Не все канцелярии выдавали документы одинаковой изящности. Кожаный официальный стиль на самой нечистой латыни был очень распространен. В миланских документах, сохраненных Корио, поразителен контраст между этим родом сочинительства и теми немногими письмами, которые написаны членами княжеского дома и которые к тому же должны были создаваться в критические моменты. Они являются образцами чистейшей латыни. Поддерживать безупречный стиль при любых обстоятельствах было правилом хорошего тона и результатом привычки. Помимо этих чиновников, частные ученые всех мастей, естественно, вели собственную переписку. Цель написания писем редко заключалась в том, в чем она заключается сегодня, — сообщить об обстоятельствах автора или новости о других людях; скорее оно рассматривалось как литературное произведение, создаваемое ради демонстрации учености и завоевания уважения тех, кому оно адресовалось.

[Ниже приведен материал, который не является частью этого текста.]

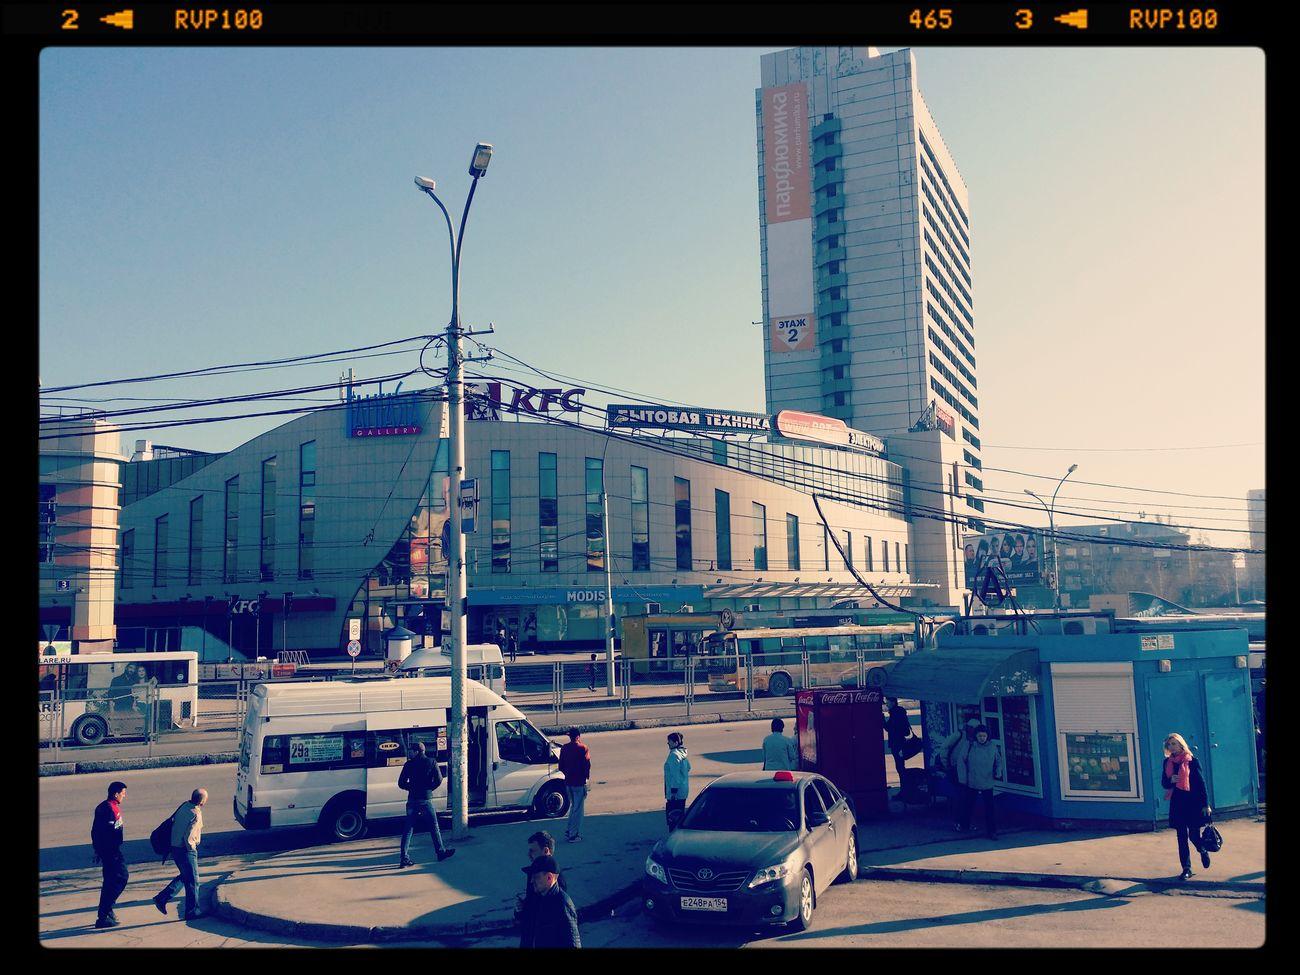 Новосибирск. Утро Siberia Новосибирск Novosibirsk сибирь Novosibirsk City Streetphotography Street Photography улица утро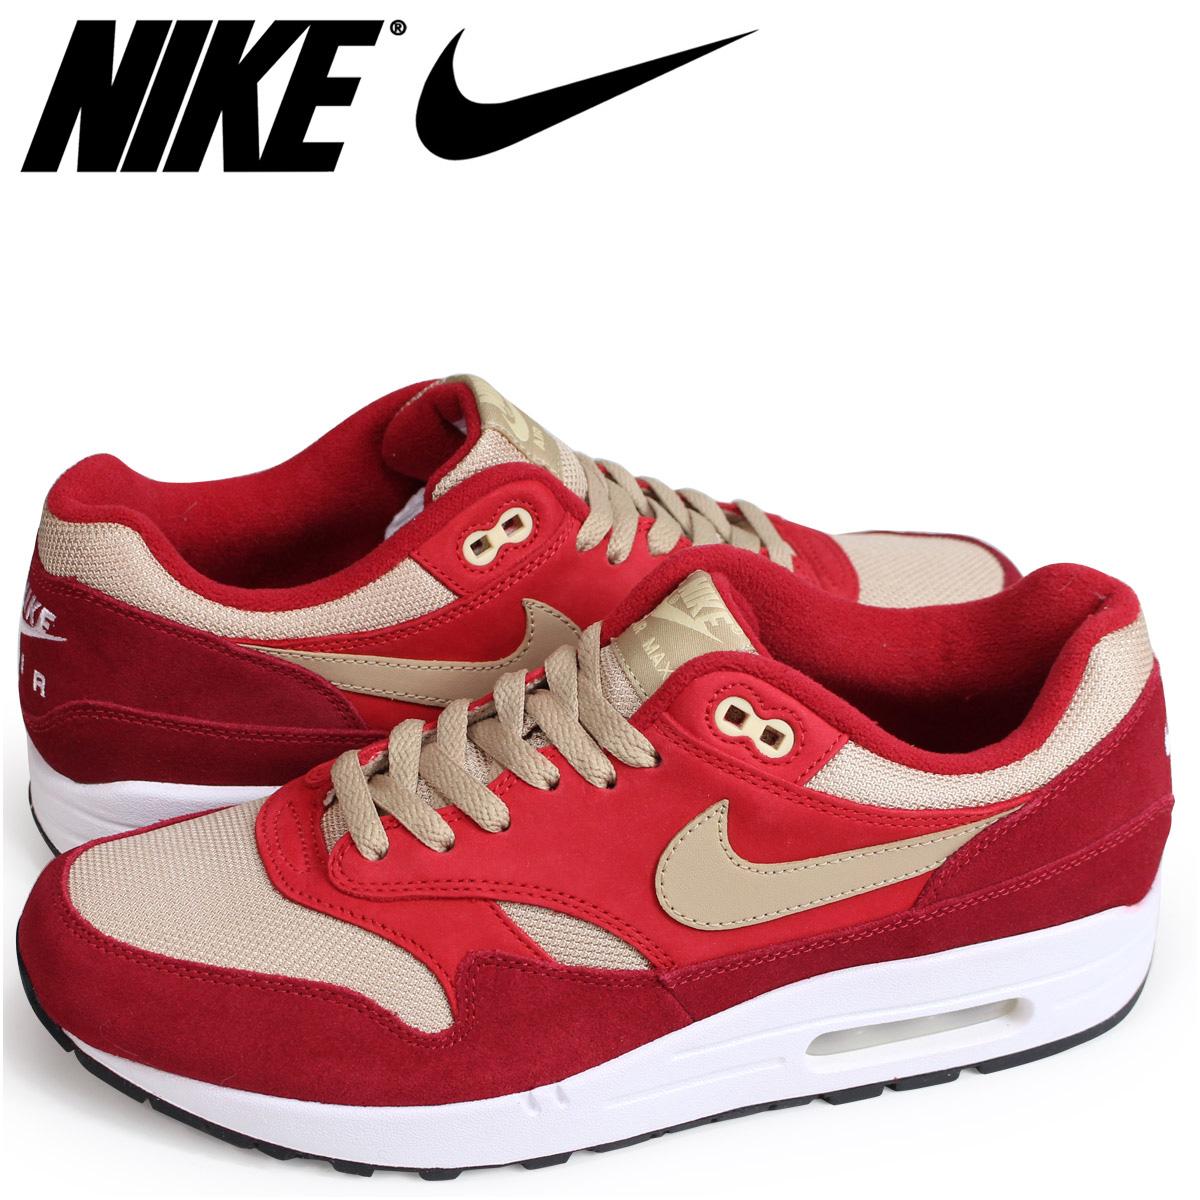 Nike SNKRS Nike Air Max 1 Premium 'Red

Эти письма рано начали служить целям ученых изысканий; и Петрарка, введший этот жанр писем, возродил формы старого эпистолярного стиля, заменив средневеково-латинское «Вы» на классическое «ты». Позднее письма превратились в собрания искусно повернутых фраз, с помощью которых подбадривали или унижали подданных, льстили коллегам или оскорбляли их, восхваляли покровителей или выпрашивали у них милости.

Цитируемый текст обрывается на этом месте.